#### PROBLEM REQUIREMENTS
Transcribe the data exactly. Pictures stay out.

#### GIVEN INFORMATION
┌──

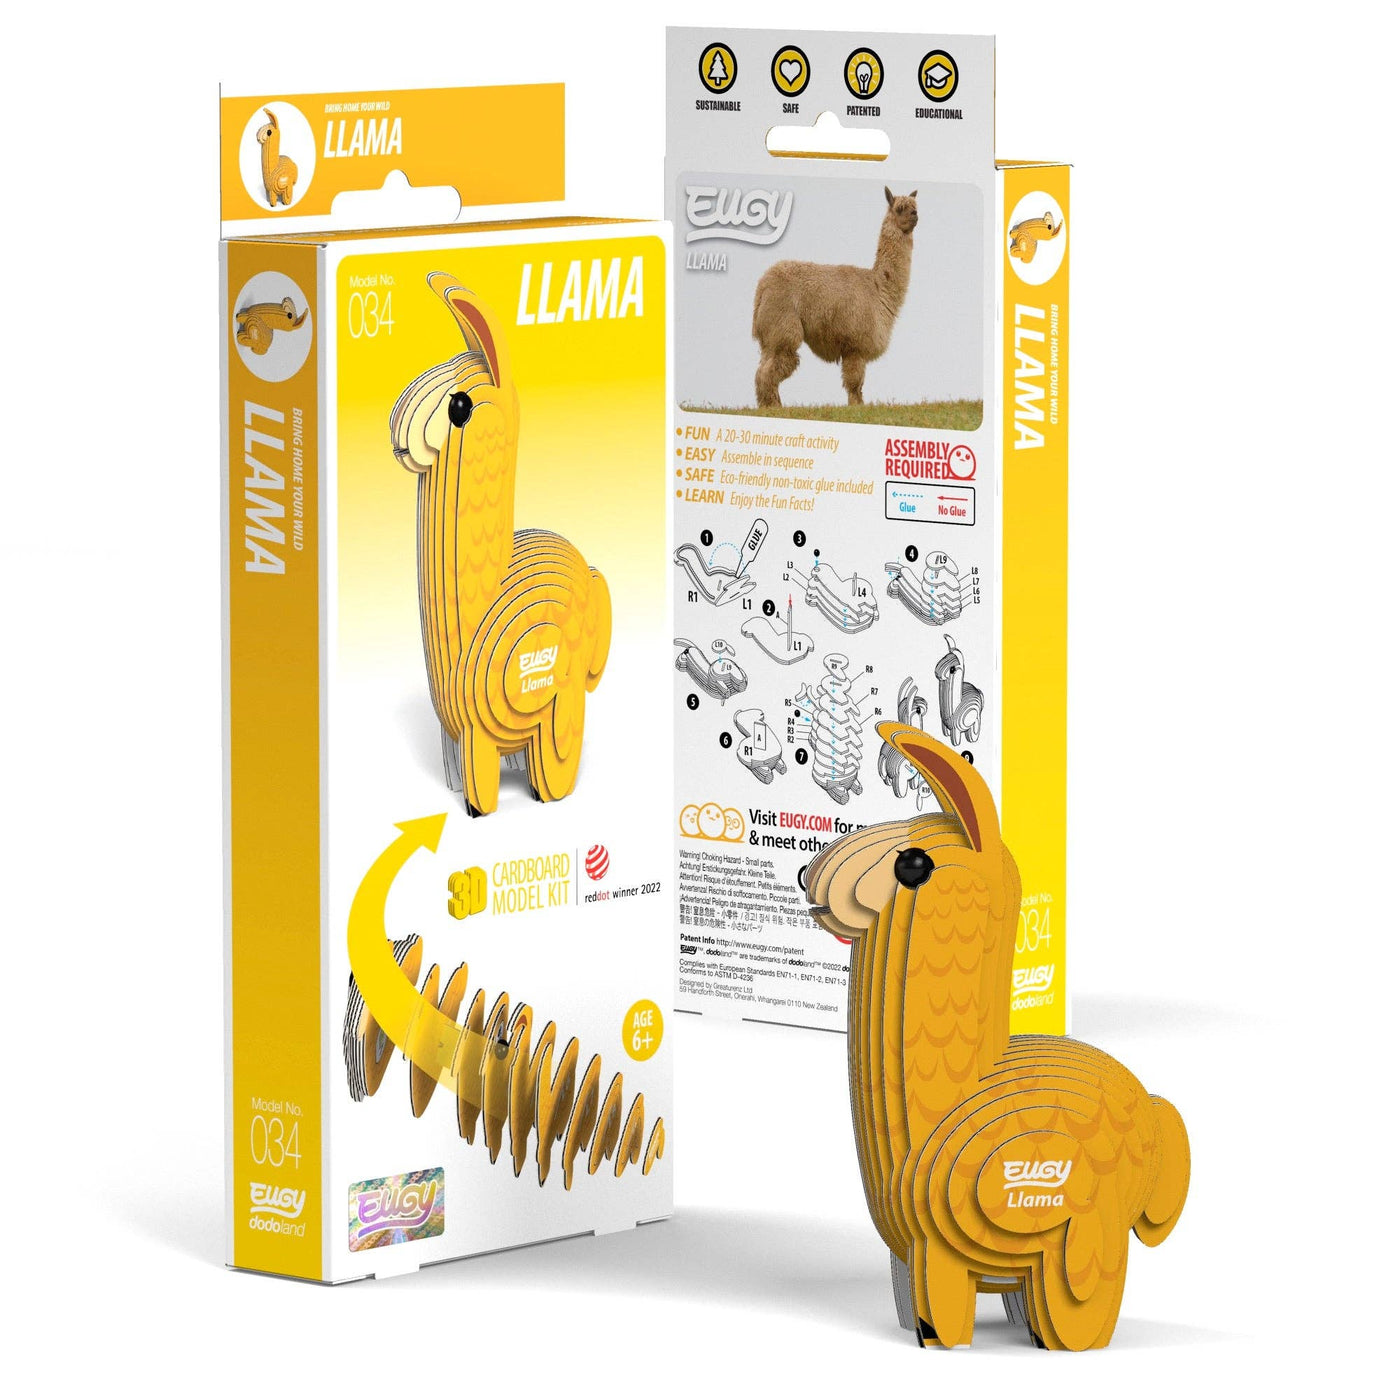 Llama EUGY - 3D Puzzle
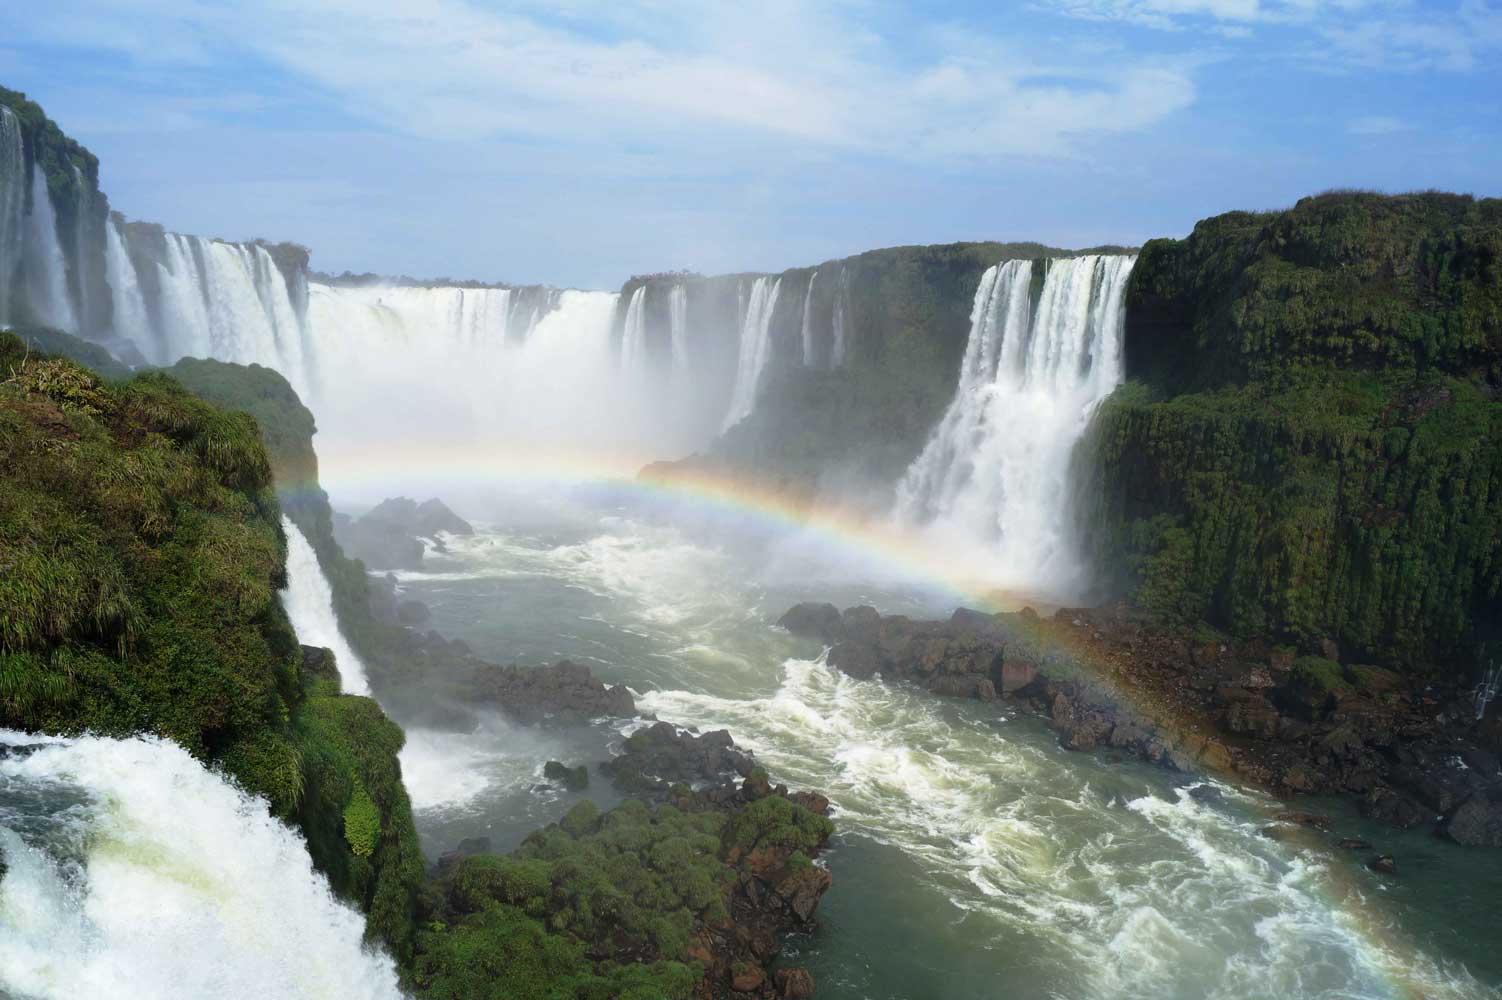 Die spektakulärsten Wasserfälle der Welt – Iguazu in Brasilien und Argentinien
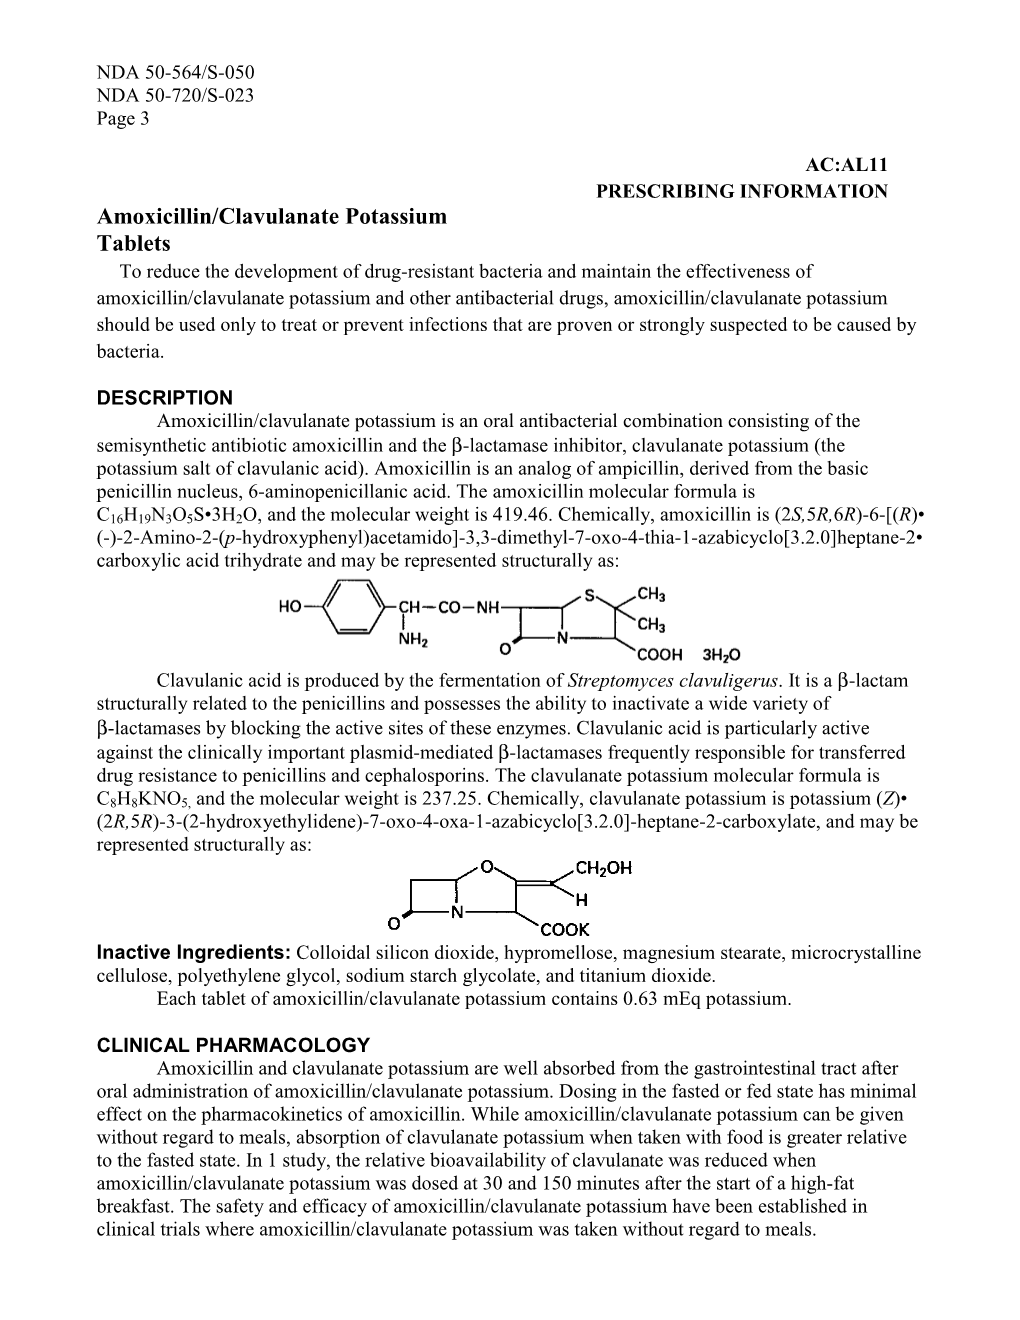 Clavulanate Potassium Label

└──

#### ANSWER AREA
 Llama EUGY - 3D Puzzle
 Die spektakulärsten Wasserfälle der Welt – Iguazu in Brasilien und Argentinien
 Clavulanate Potassium Label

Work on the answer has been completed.